Note that a bug in Launchpad means that I won't get a notification when they are created, so feel free to drop me a line via email or on IRC until that bug is fixed next month. I'll continue to poll the lists though, so nothing will get dropped.

Daily Builds

As well as seeing use of PPAs for providing bug fixes, new upstream versions, proposed packages, testing etc., we are also seeing them used for providing daily builds of packages. For instance Fabien Tassin provides daily builds of lots of Mozilla-related packages and snapshots of Chromium in his various PPAs. Also, there is Project Neon, to provide daily builds of Amarok.

They massively lessen the barrier to using and testing code that is fresh from the fingers of the developers. They avoid you having to build a project from source every day, making sure to keep up with changes in dependencies. They allow you to be testing code almost as it is written, speeding up the feedback cycle to the developers, and potentially increasing the number of people involved in that feedback cycle.

In addition they allow you to verify bugs against the latest code, so that bug reports are of more relevance to the developers. If you so choose they can also be set up so that bugs are also tested with fewer distribution patches, further increasing the developers' confidence in the bug reports.

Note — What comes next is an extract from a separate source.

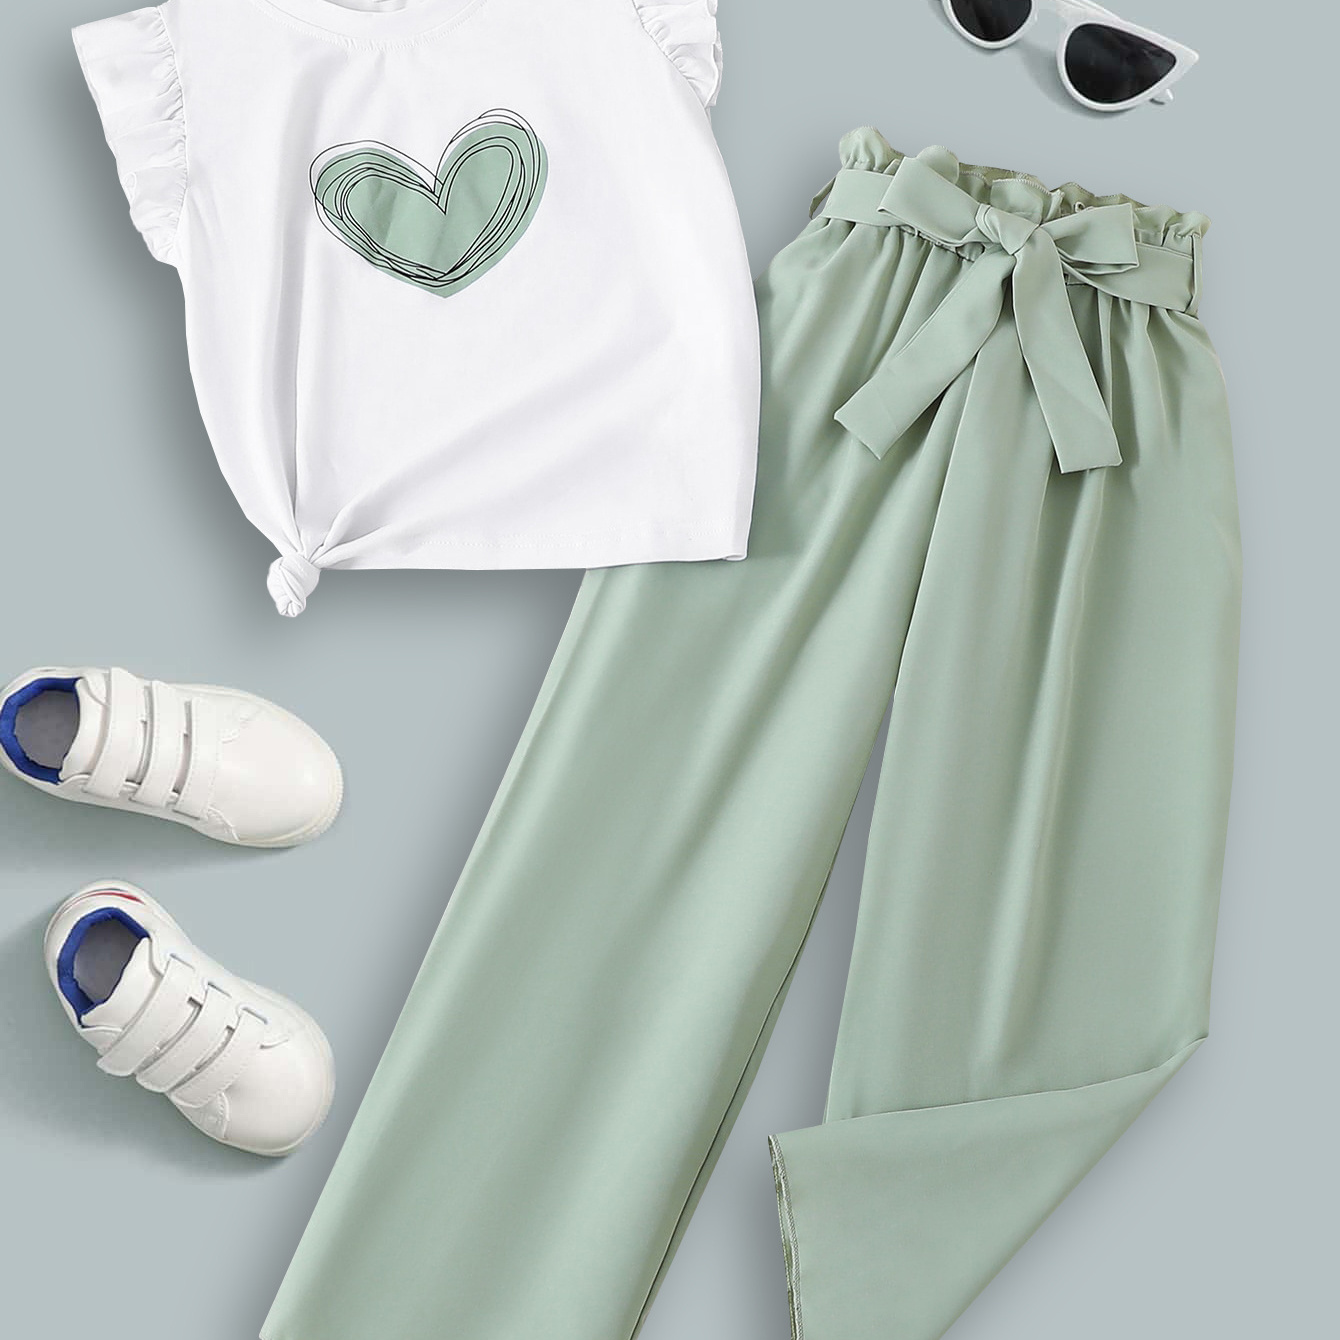 

Girls Stylish & Casual Outfit, 2pcs Doodled Heart Graphic Print Ruffle Trim Tee & Belted Wide-leg Pants For Summer

Mark had an idea for an elegant way to describe how to combine the code to produce the package, and we worked on producing a tool to follow the steps. You can find the result of this in the bzr plugin bzr-builder. I've documented how to use it on the wiki.

There's still more we can do to improve the process, and we have a lot to discuss about what makes a good daily package, and what the limits of them are. If you are interested in discussing this then please join the list of the dailydebs team in Launchpad.

I'm currently running the bzr-nightly-ppa using this tool, and have improved some things based on this, but more testing, feedback, and patches are always welcome.